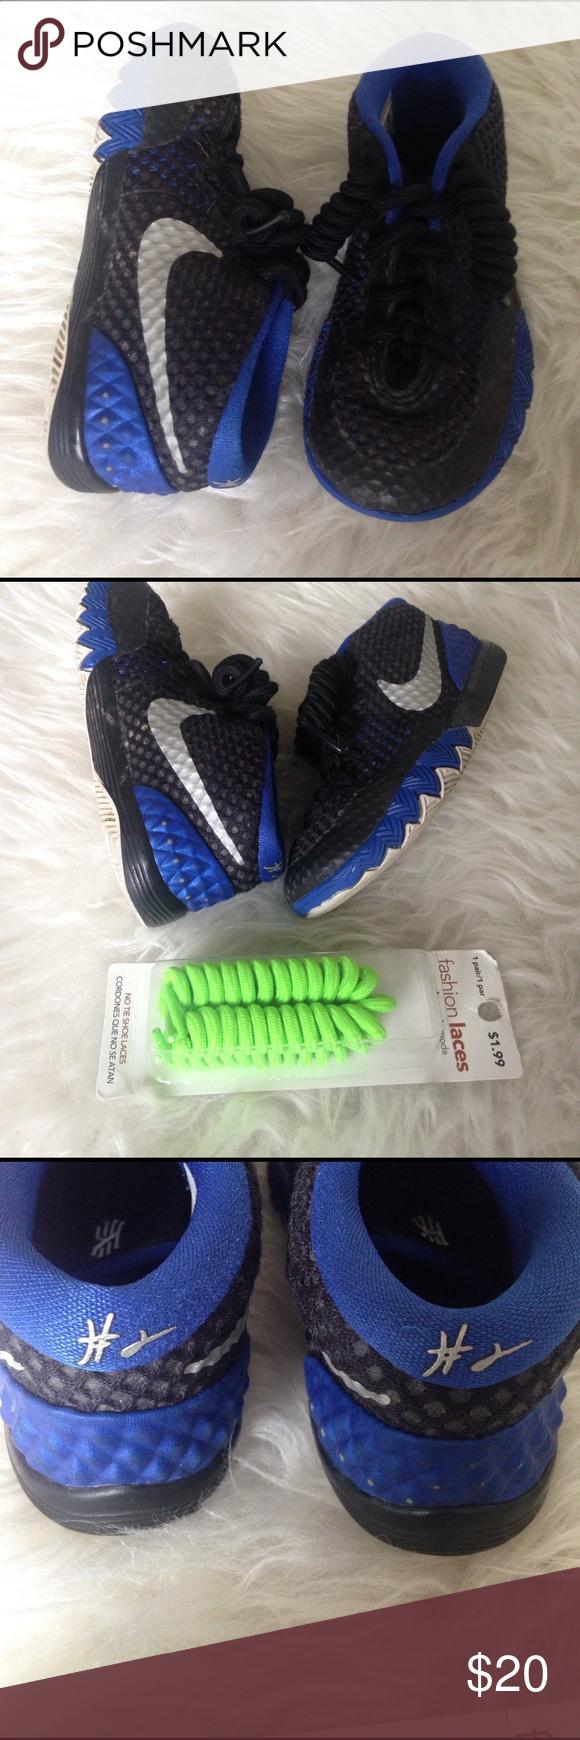 Toddler Boys basketball Kyrie Irving Nike sneakers Nike Kyrie Irving toddler  boys shoes. Size 9c
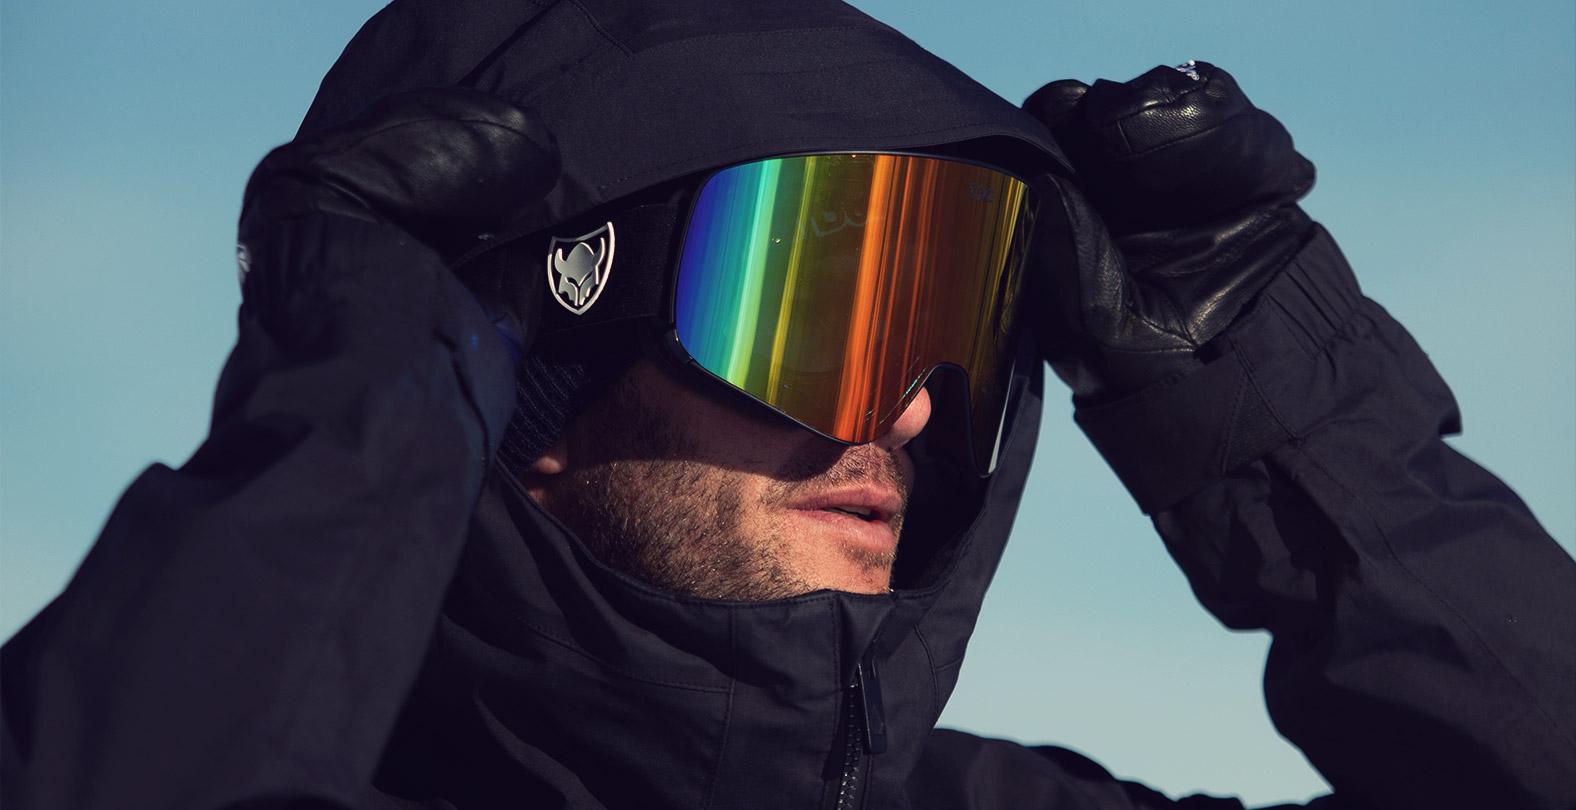 Markus Keller Portrait Snowboard Goggle
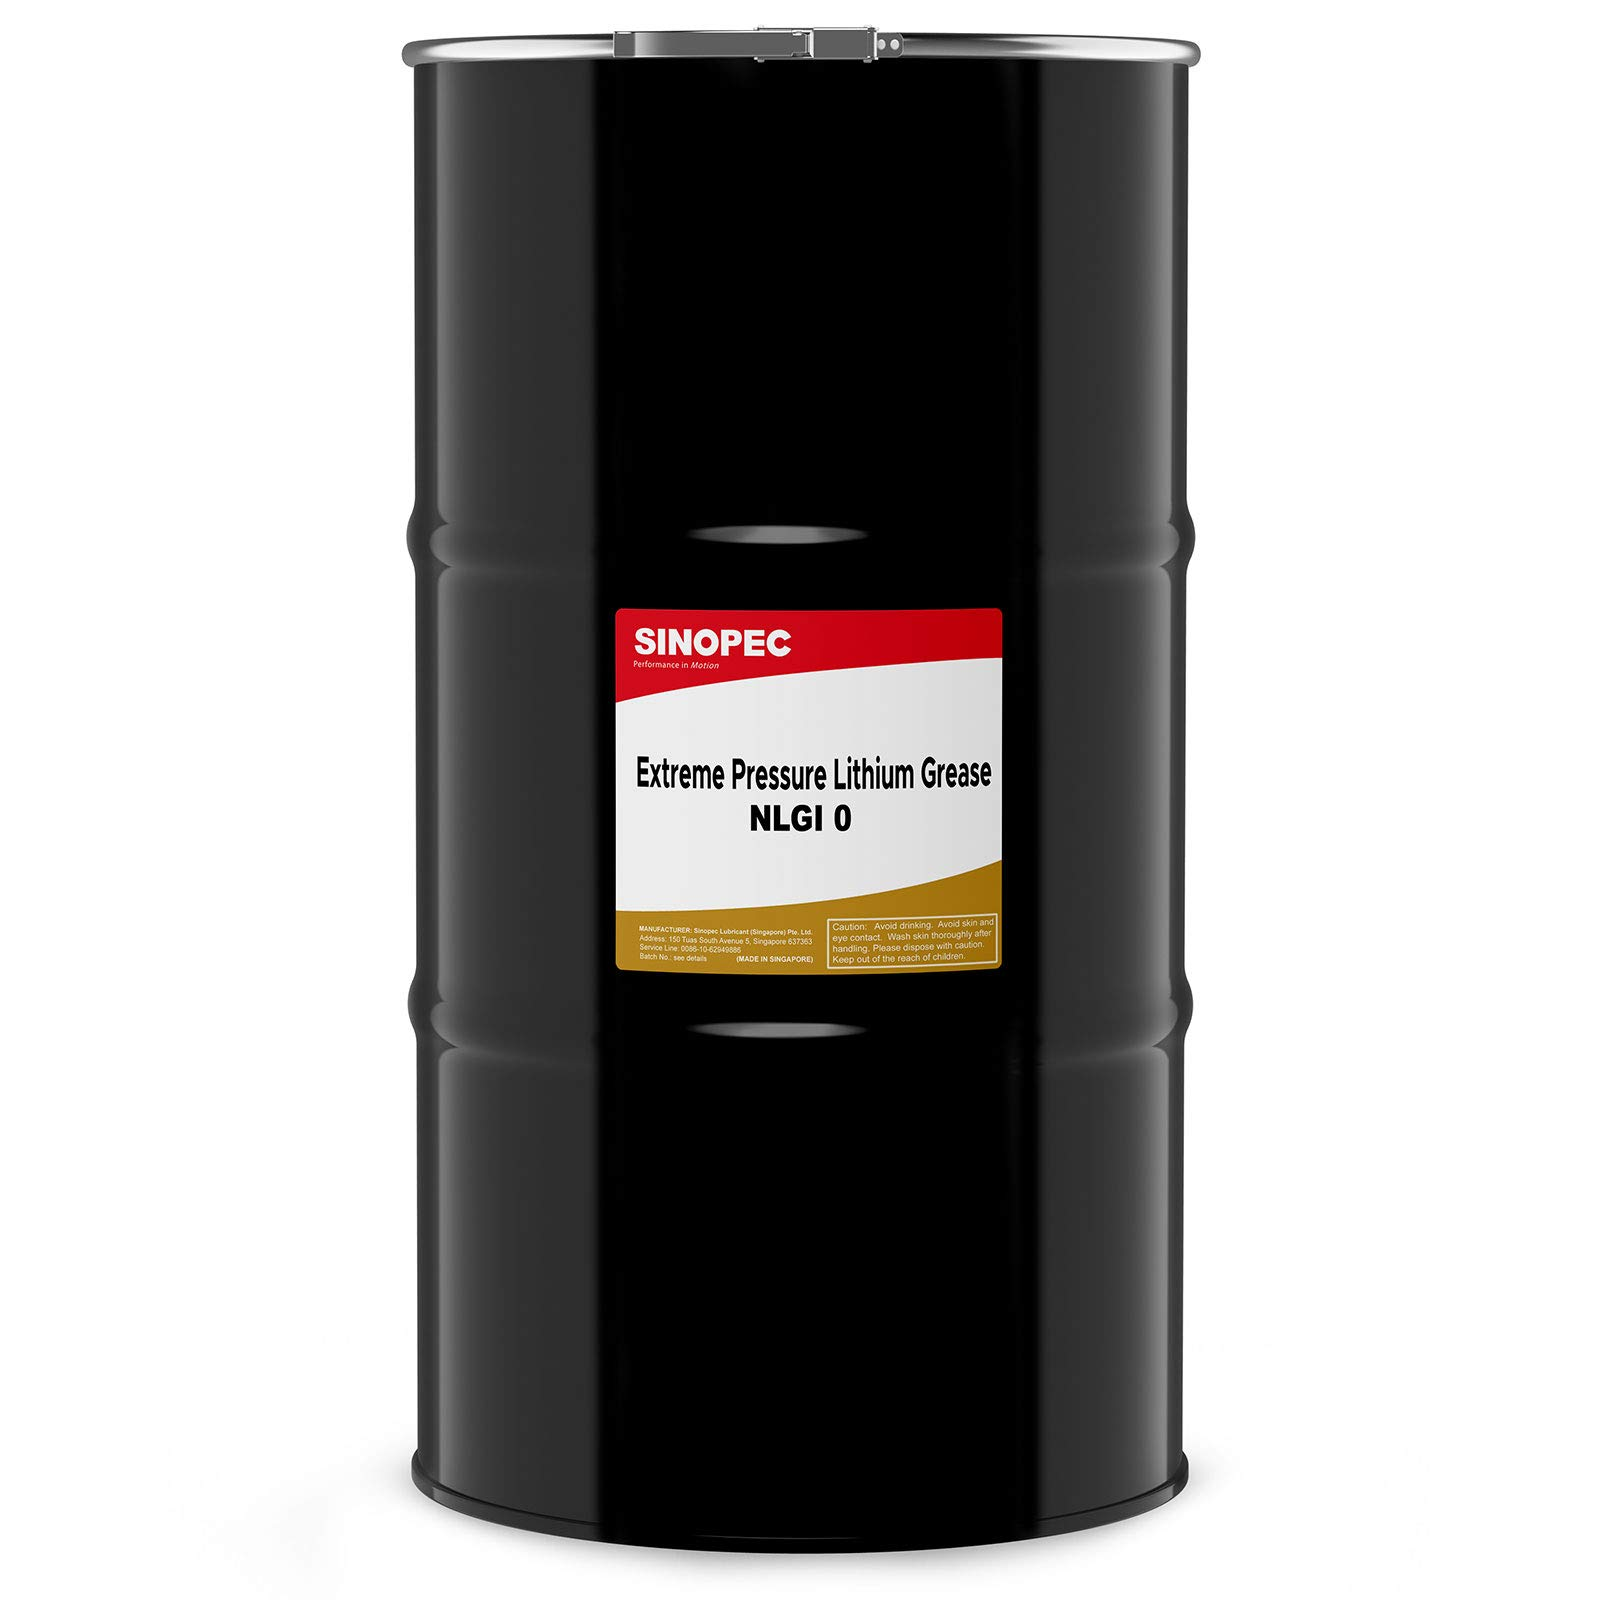 Sinopec (EP0) Extreme Pressure Multipurpose Lithium Grease, NLGI 0-120LB. (16 Gallon) Keg
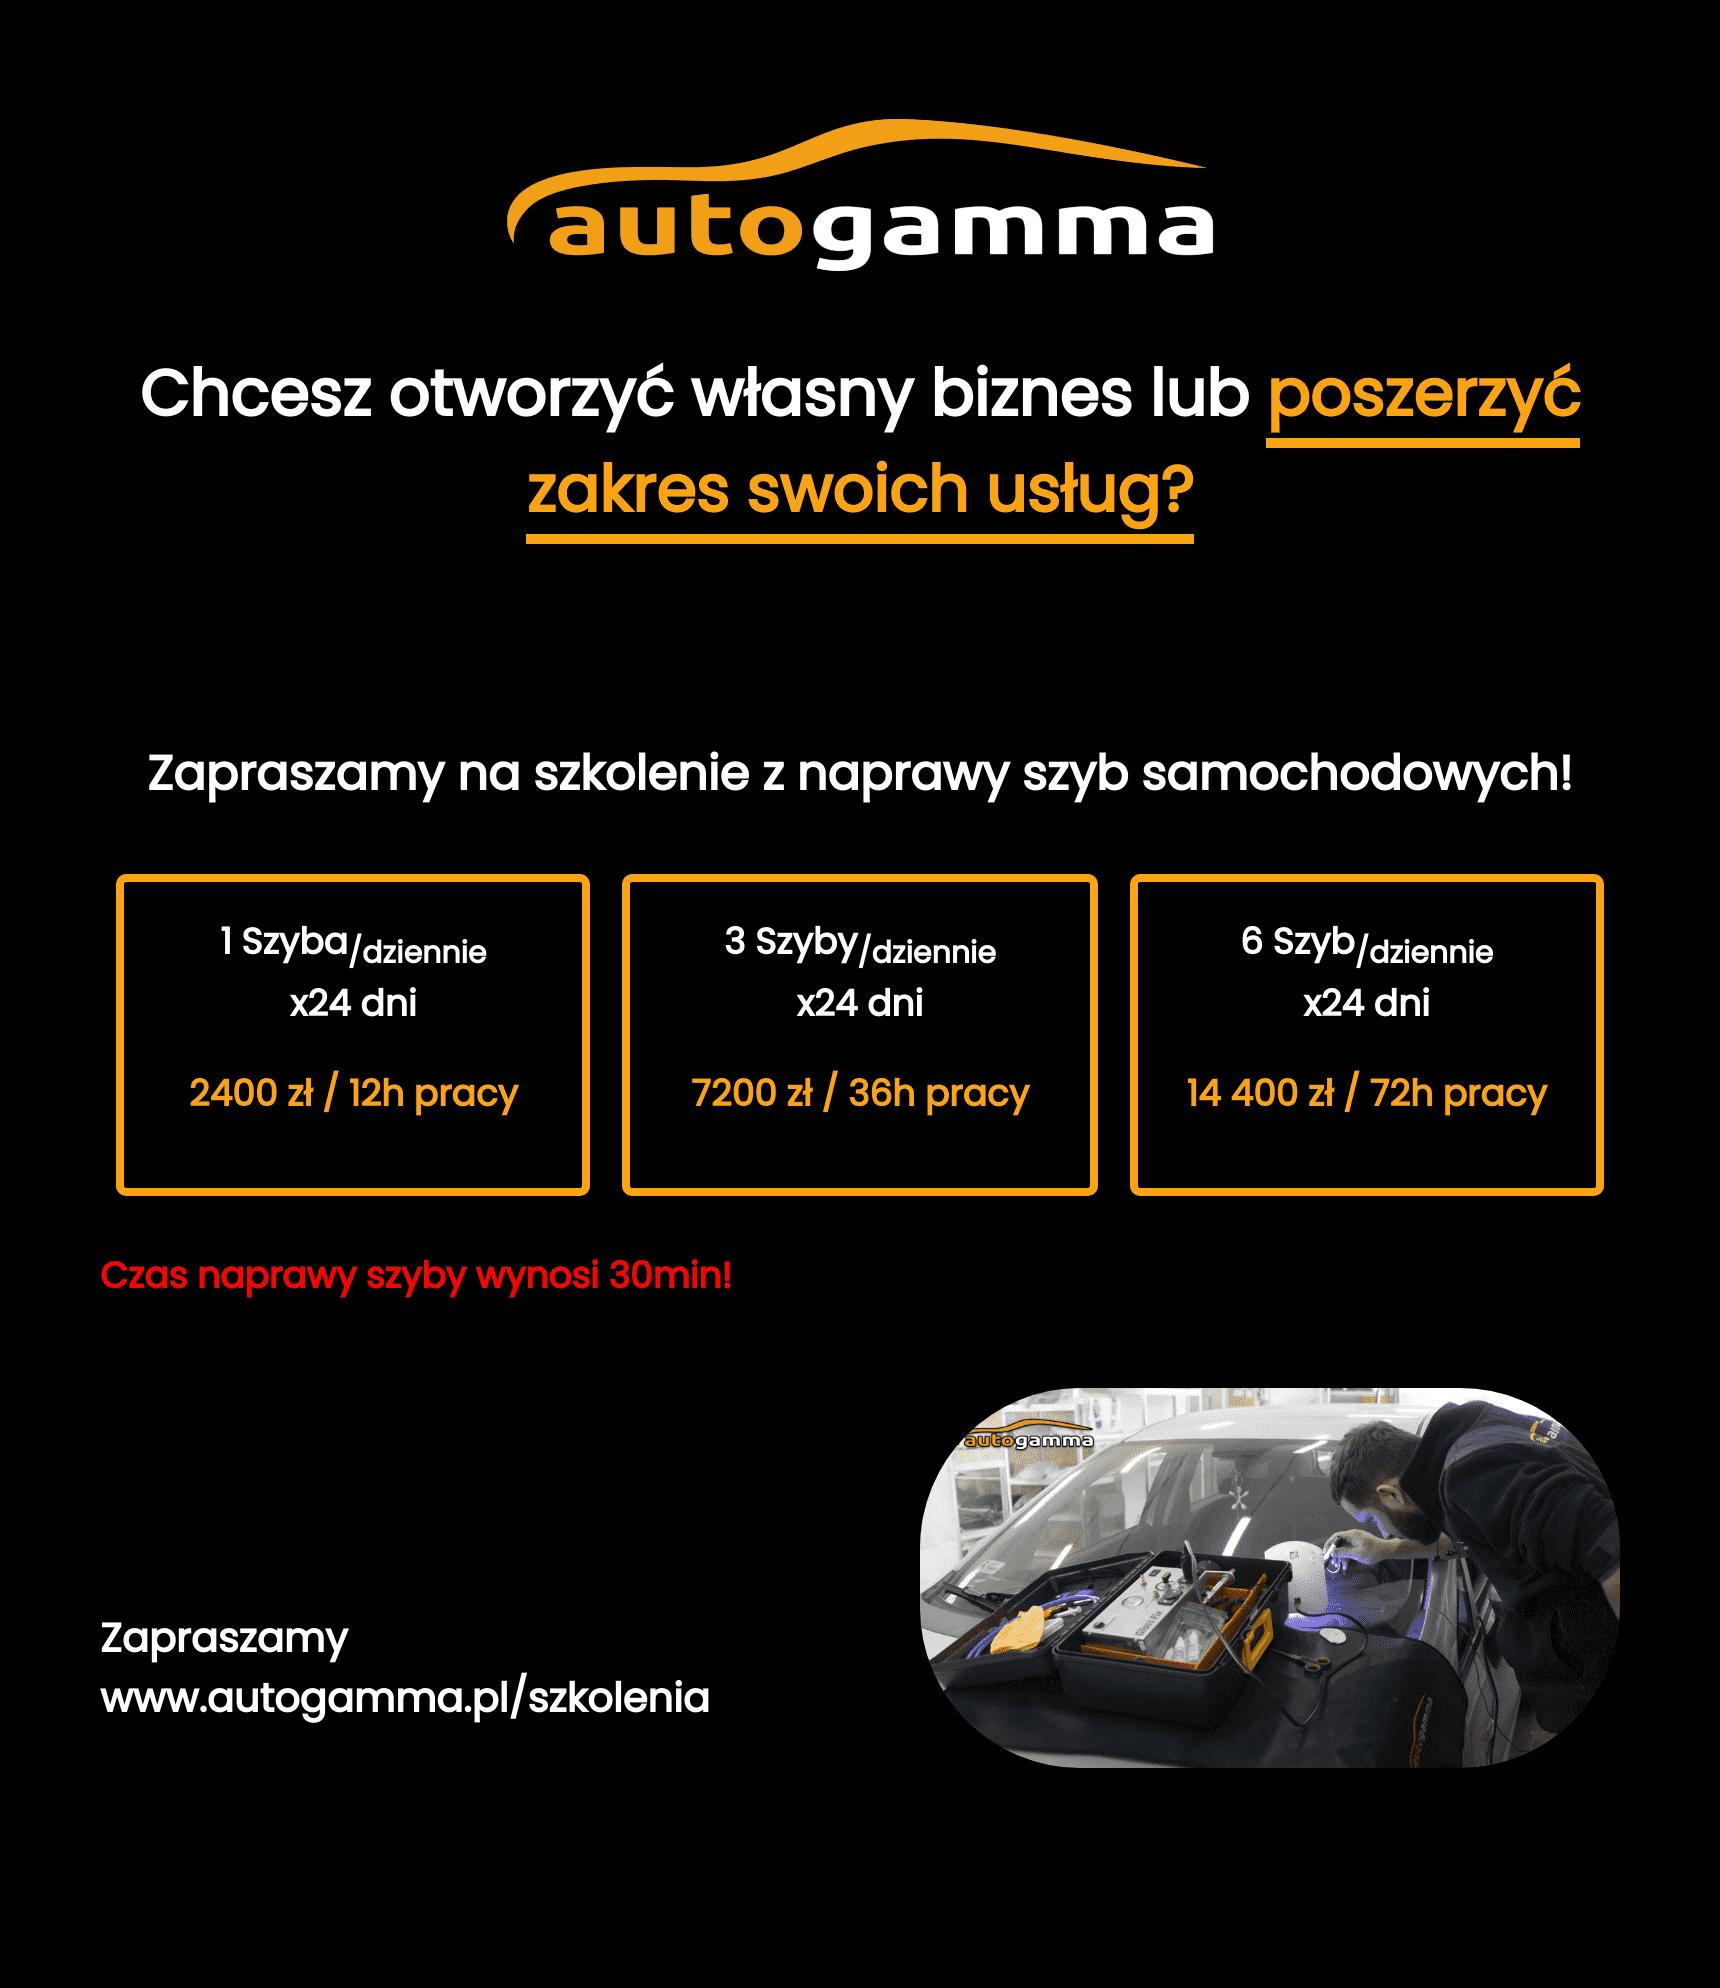 Szkolenia Auto Gamma ulotka

===

**Exercise directions:** Retype only the lines from the line with "Markus Keller Portrait Snowboard Goggle" through the last line of the data. Keep both ends and skip the pictures.

**Your solution:**
 Markus Keller Portrait Snowboard Goggle
 Sinopec (EP0) Extreme Pressure Multipurpose Lithium Grease, NLGI 0-120LB. (16 Gallon) Keg
 Szkolenia Auto Gamma ulotka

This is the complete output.